I tried again. “It’s…good to see you, Rita. I’m glad you came by.”
She drew herself up to a weak dignity, but didn’t talk. She offered me the manila envelope, as the sunlight retreated to the tops of trees and far-away hills, gilding them. I took the envelope.
She swallowed, and seemed to want to speak, but didn’t.
“Can I open it?” I asked.
She nodded.
I pinched the two copper pins together until they were vertical, lifted the flap and drew out the paper-clipped typed pages. I examined the first page. It was entitled
The Infinite Letting Go
.
Rita stood in a remote politeness. She looked down at the cement walk.
“So you want me to read it?” I asked.
She nodded again.
“Okay…I’d love to.”
She shrugged, delicately, then turned and set off for her car. I went after her. “Rita…”
She stopped, but didn’t face me.
“Rita…I really am glad you came by.”
She entered her car without a word. I waved as she drove away. Silly, I knew, but I did. I lingered in the yard, moving through retreating shadows. I sat on the porch swing, feet flat, stationary, staring into the distance, until sleepy clouds, flamed by a setting sun, were brushed gold.
I laid the pages on my lap and began to read. There was still enough light.
The Infinite Letting Go
There was a large round boulder that sat, like a wise meditating sage, in her backyard, just beyond where wild roses grew in summer, near a natural brook, whose quiet music crept into her dreams and daydreams; and it lay under the wide protective spread of a very old sycamore tree, where she’d played and slept.
The boulder had been there since the beginning of time, or so the old man had told her, and it had a very important and unique purpose: it anchored the world. If it was ever removed, so the old man had said, the world would simply drift out of orbit, lose its laws of motion and gravity and, like a balloon, float endlessly toward nowhere and no place.
So she watched the boulder from her bedroom window—with wide, alert eyes—and prayed that it would never be taken away.

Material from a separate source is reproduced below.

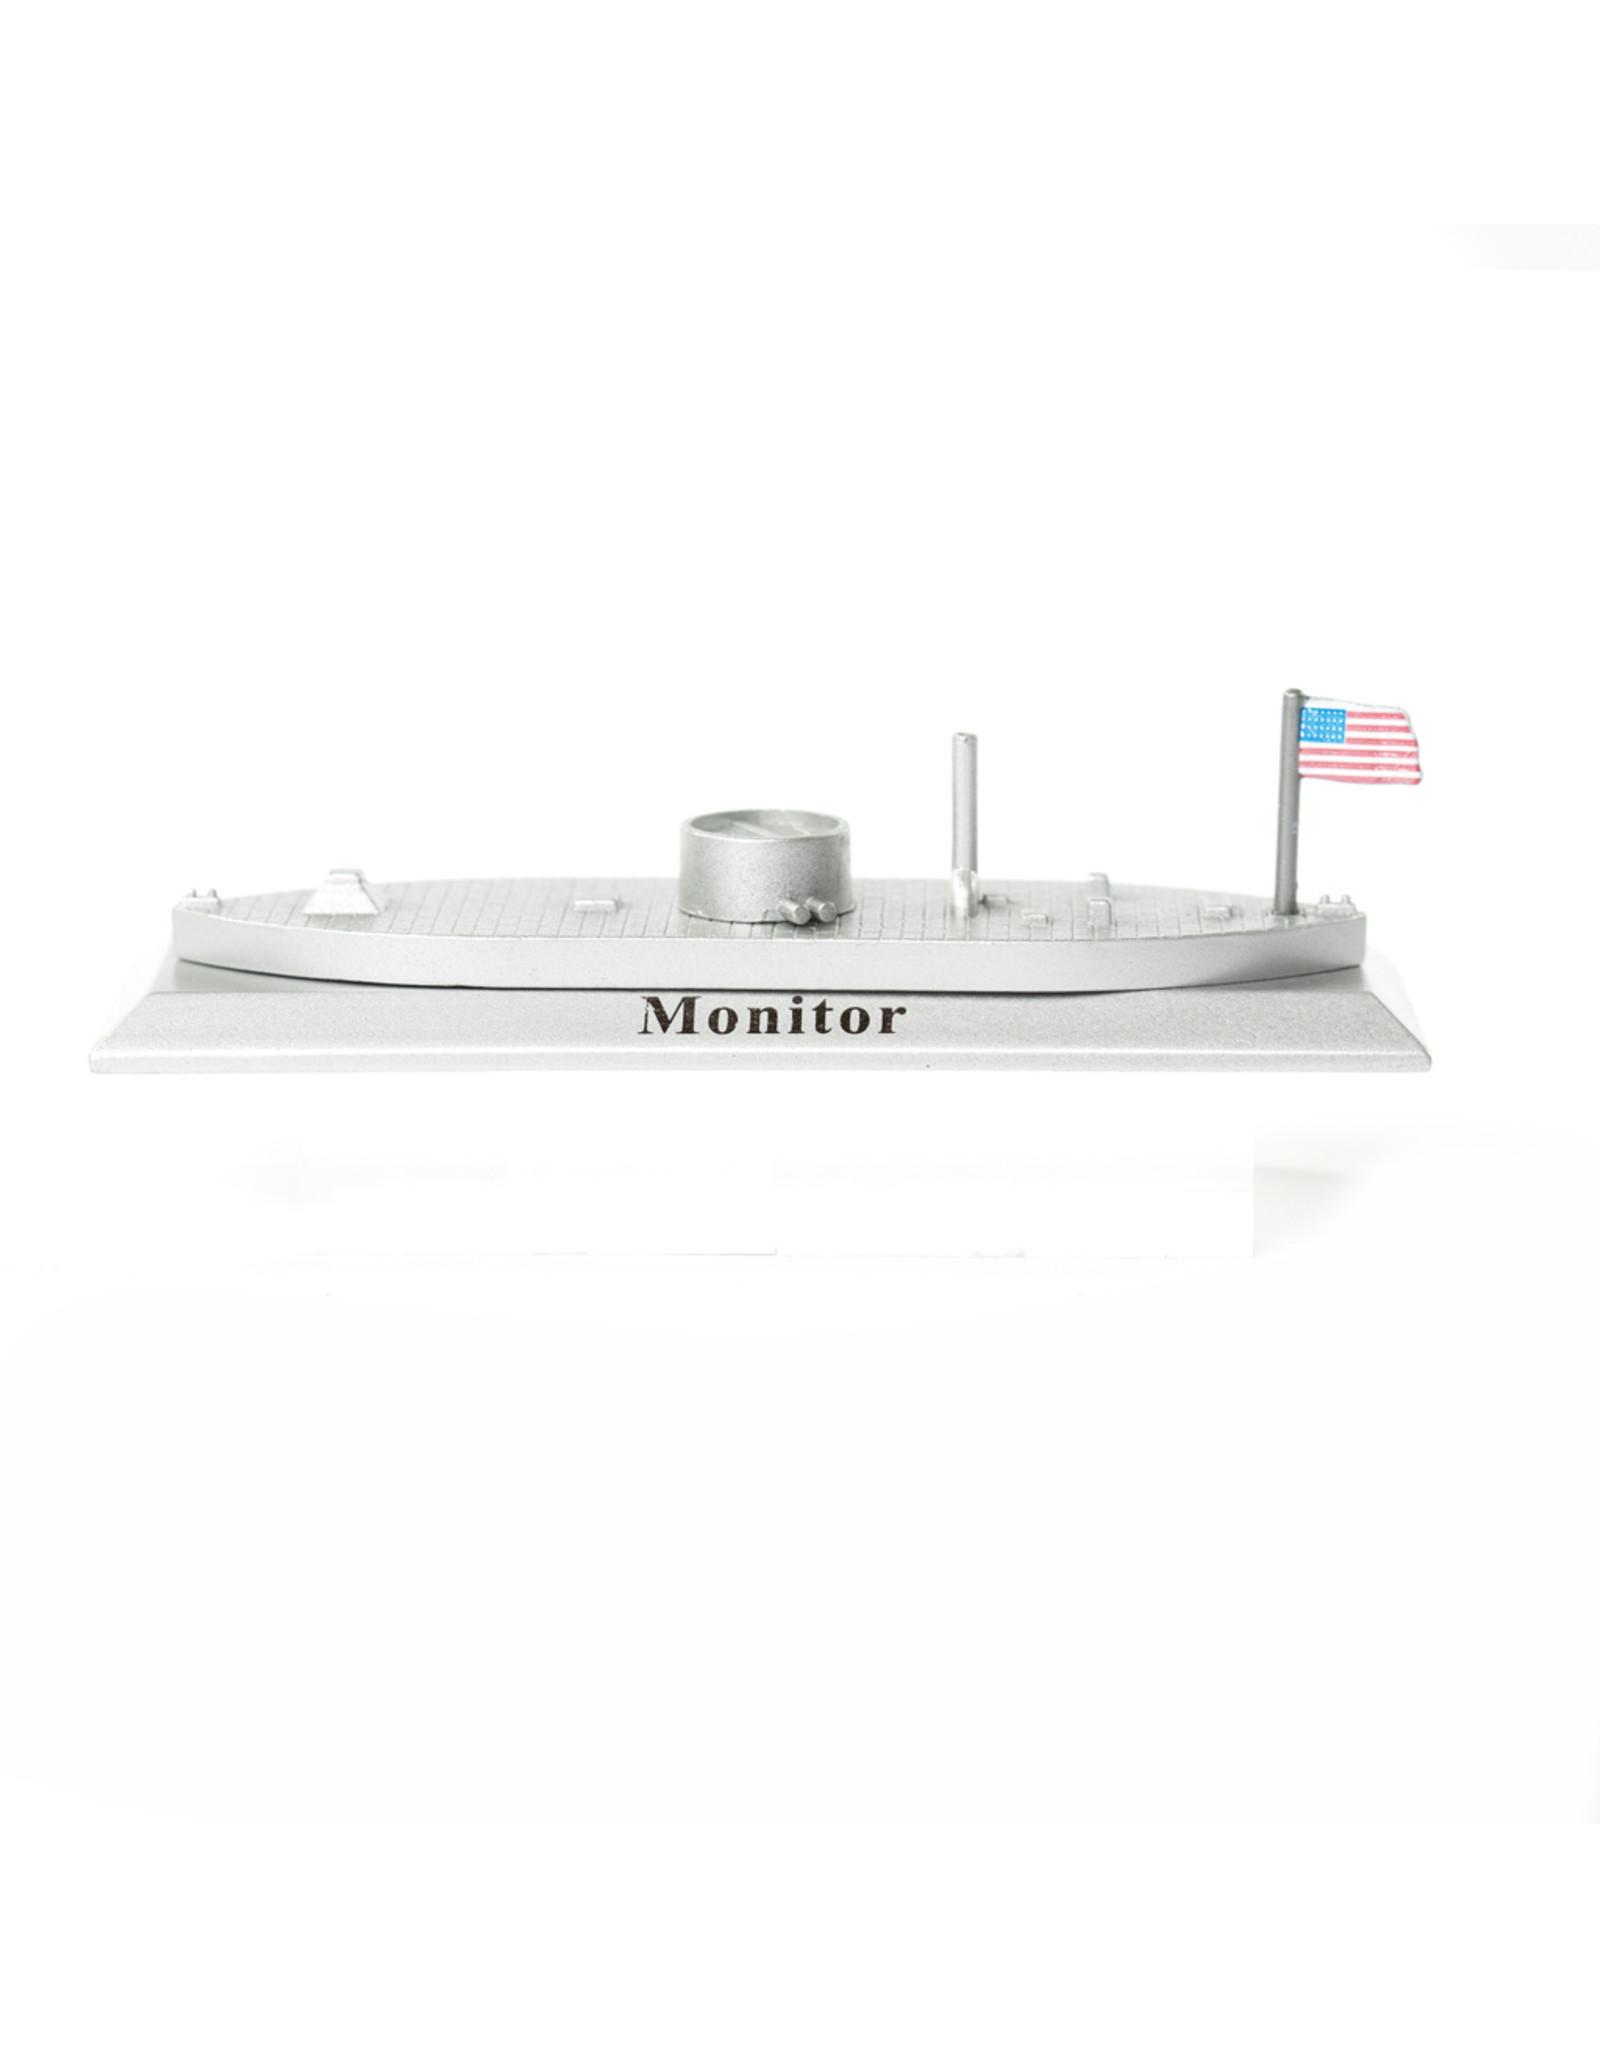 Monitor Metal Figurine

And so it was that the boulder, so gray and formidable, lay undisturbed for many years, until the day the bulldozers came. That day was known as “Bulldozer Day.” A big house was going up and land was needed and had to be cleared. The sycamore tree would have to come down; the wild roses destroyed and burned; and the boulder, scooped up and taken away.
For many, many days the girl watched the bulldozers cough smoke and scour the land, crawling like strange yellow invaders toward the boulder; toward ultimate destruction. Her Daddy drove one of those machines, and he loved leveling and remaking the land. He loved the God in it: the God of creation, who overrules old, wild things.
The old man came by one day. The girl watched him mope and stumble across ruddy earth, rock and broken trees. She watched him shake his bony fist at them and curse them in a brittle cry of rage. But it did not even crack the hard shell of the growl and scrape of the masticating machines.